Being a virgin isn't the worst thing in the world, some of us old perverts actually like the idea of having sex with one.

I would be a lot more relieved to know that the person I'm interested in sleeping with is a virgin than if you lied the other way and later admitted that you had more rides than the village bicycle..not that there's necessarily anything wrong with that, it would just be a surprise.

cornholejoe
Oct 27, 2011, 9:41 PM
hey just go on and do it and you wont be one anymore

FunE1
Oct 27, 2011, 9:54 PM
I'm with elian -- I wouldn't spend any time worrying about this. There are plenty of 20 year old virgins out there, big deal. If you like each other and are having fun with each other, just go have it off with him.

If the subject comes up again and you want to set him straight, then do so. You can just tell him that you felt a bit embarrassed about being a virgin... especially because you like him and would like it if you two did more together. I suspect you'll find he's really not that bothered by it. And he even may be pleased to be your first.

As for easing people in to you being bi, well, again, I wouldn't worry too much. It's not like anybody NEEDS to know who you're pulling, so tell the people you feel comfortable telling, and don't tell those you're not comfortable telling.

Be safe and have fun!

jim

p.s.

chances are good, too, that your buddy is as nervous about all of this as you are, so if you both focus on being good to yourselves and each other, things should go well for you.

Realist
Oct 27, 2011, 10:18 PM
Welcome to the site, Shark!

I agree with Elian and Fun. To have a virgin choose someone for his/her first time is a special gift.

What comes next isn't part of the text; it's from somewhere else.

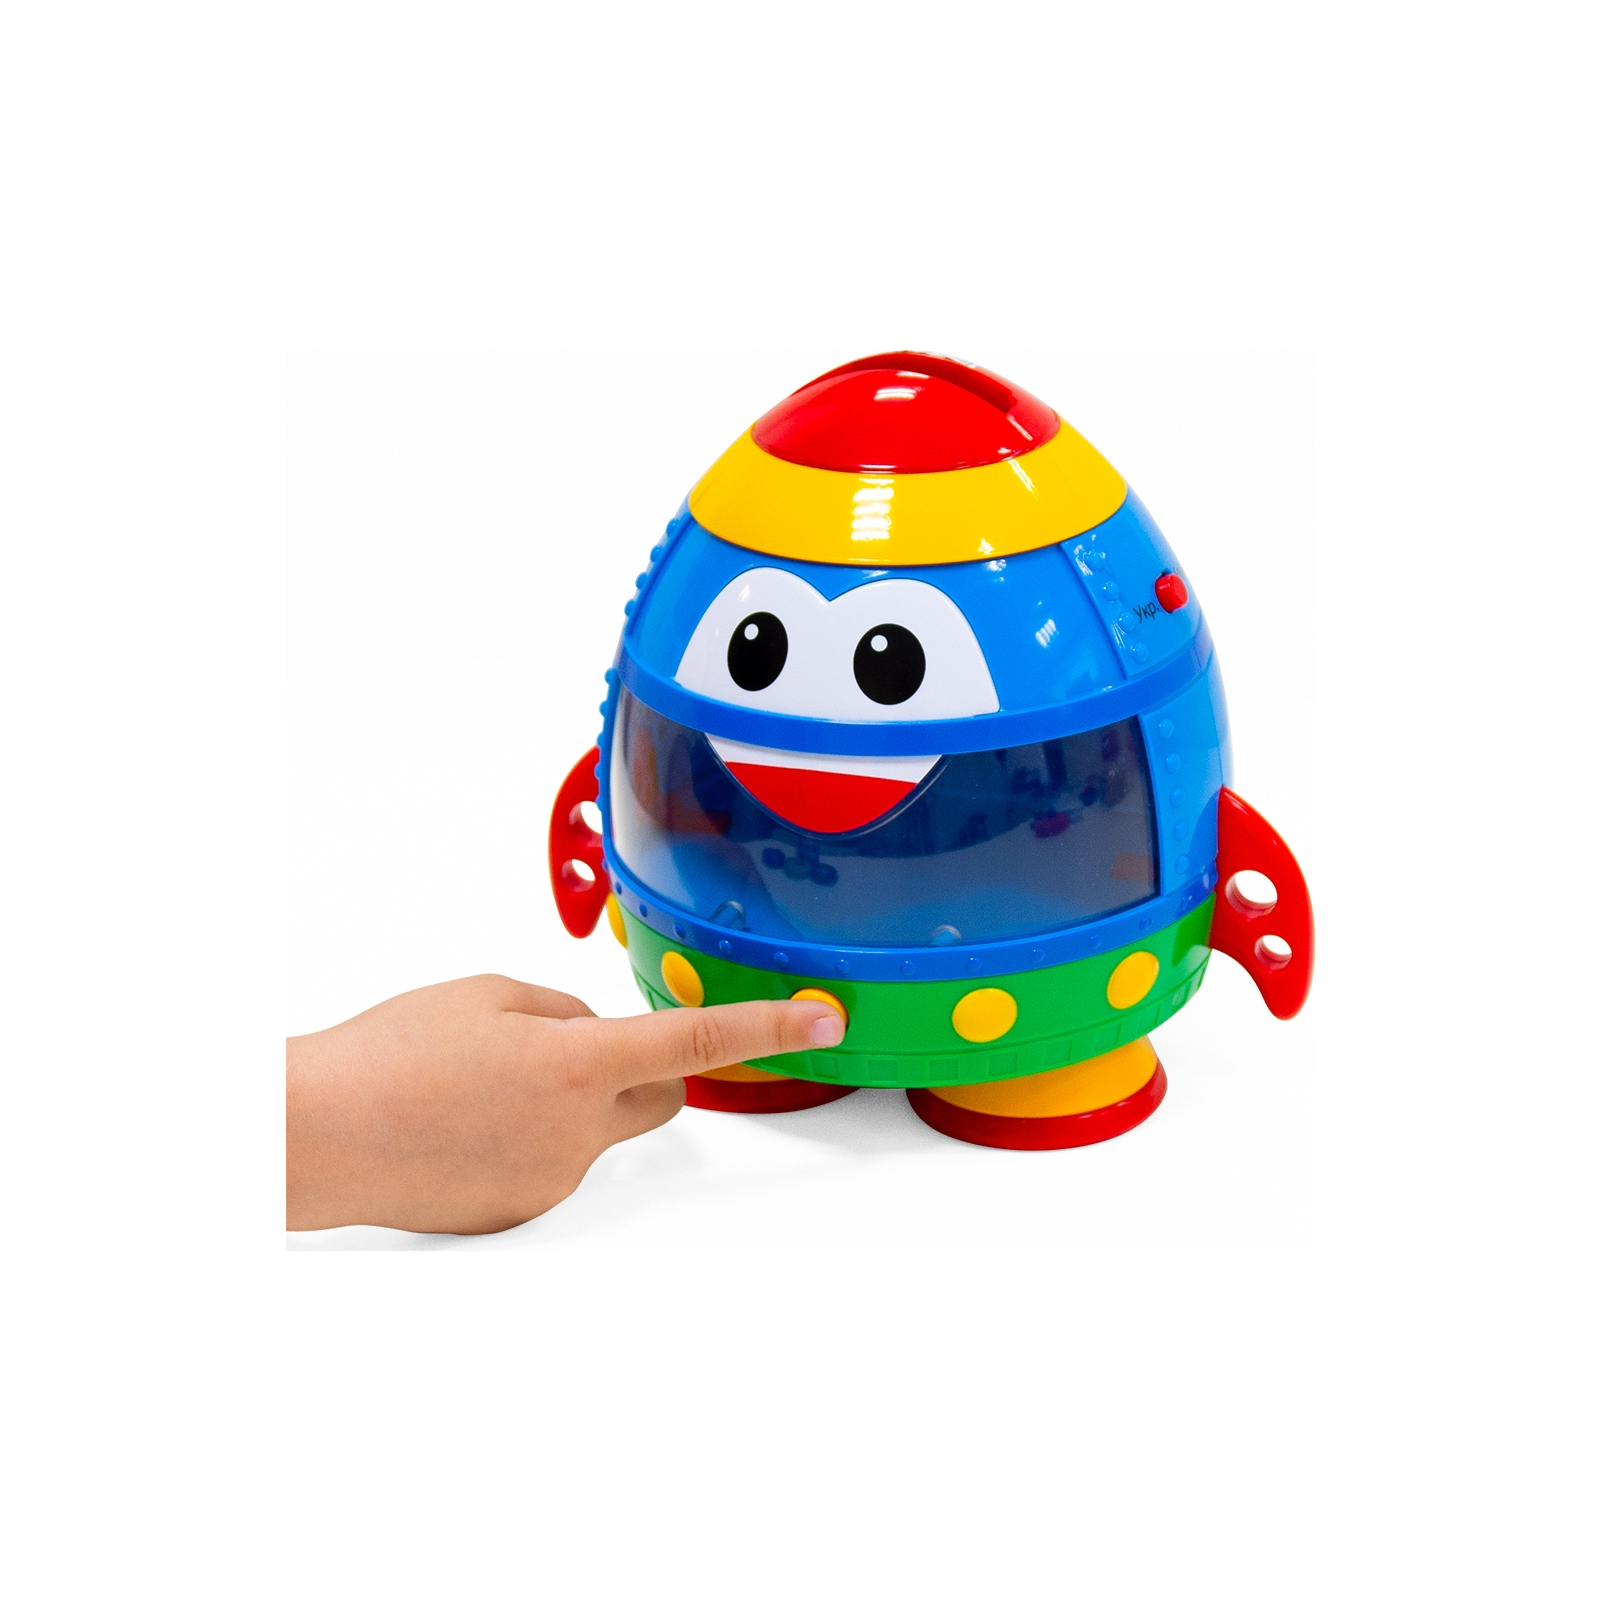 Развивающая игрушка Kiddi Smart Интерактивная обучающая игрушка Smart-Звездолет украинский и английский язык (344675) изображение 10

That's what my 1st guy told me.

I had wanted to do "something" I just didn't know what, but I chose the right one to show me the way. I hope he turns out as nice and caring as mine did.

Good luck!.

KevsBi
Oct 28, 2011, 9:55 AM
When the time comes just relax and let him take the lead.
I remember my first time with a guy and how nervous I was but just followed his lead. He was a little more experienced. When it came time for anal he wanted to 'top' me and I just told him that I had never done anything like that....he completely understood and he just took his time, used lots of lube and was very gentle....hopefully your experience will be a good one!

love1234
Oct 29, 2011, 3:11 AM
Maybe you should pay a hot sexy whore or do a couple of the local sluts or both.

Practice, Practice, Practice:-)

Play safe.

slipnslide
Oct 29, 2011, 5:57 PM
You're not missing anything, trust me. After that first time you're likely to think, "that's it?".

mikey3000
Oct 29, 2011, 6:11 PM
If you do it with the right person, it can be a very big deal. Believe me, you always remember your first. Good for you for waiting.

jumptheshark
Oct 30, 2011, 9:10 AM
I'd love to reply to you all, but I'd be here hours so I'll just say thanks so much for your replies, what a friendly bunch of people. I'd also like to apologise for some of my grammar and what-not in my first post, I know it's not a big deal but I can get a bit OCD, and almost cried my little eyes out when I found I couldn't edit it again!

A bit of an update, we were texting the other night and he was saying how we should have a night out together, but would have to find a place to crash. This inevitably lead to talking about having sex. I told him I was a bit nervous, to which he replied don't be because I'd make him nervous. I asked why and he said because it's been a long time for him (not as long as me, obviously!!) but yeah, we're definitely going to be doing it, and he's being really nice about it all. I'm just more excited than anything else I guess :rolleyes:

But yeah, thanks everyone, the general conciousness just seems to be to take it easy, relax and just go with it. He's a really lovely guy, so I'm actually really glad he'll be my first.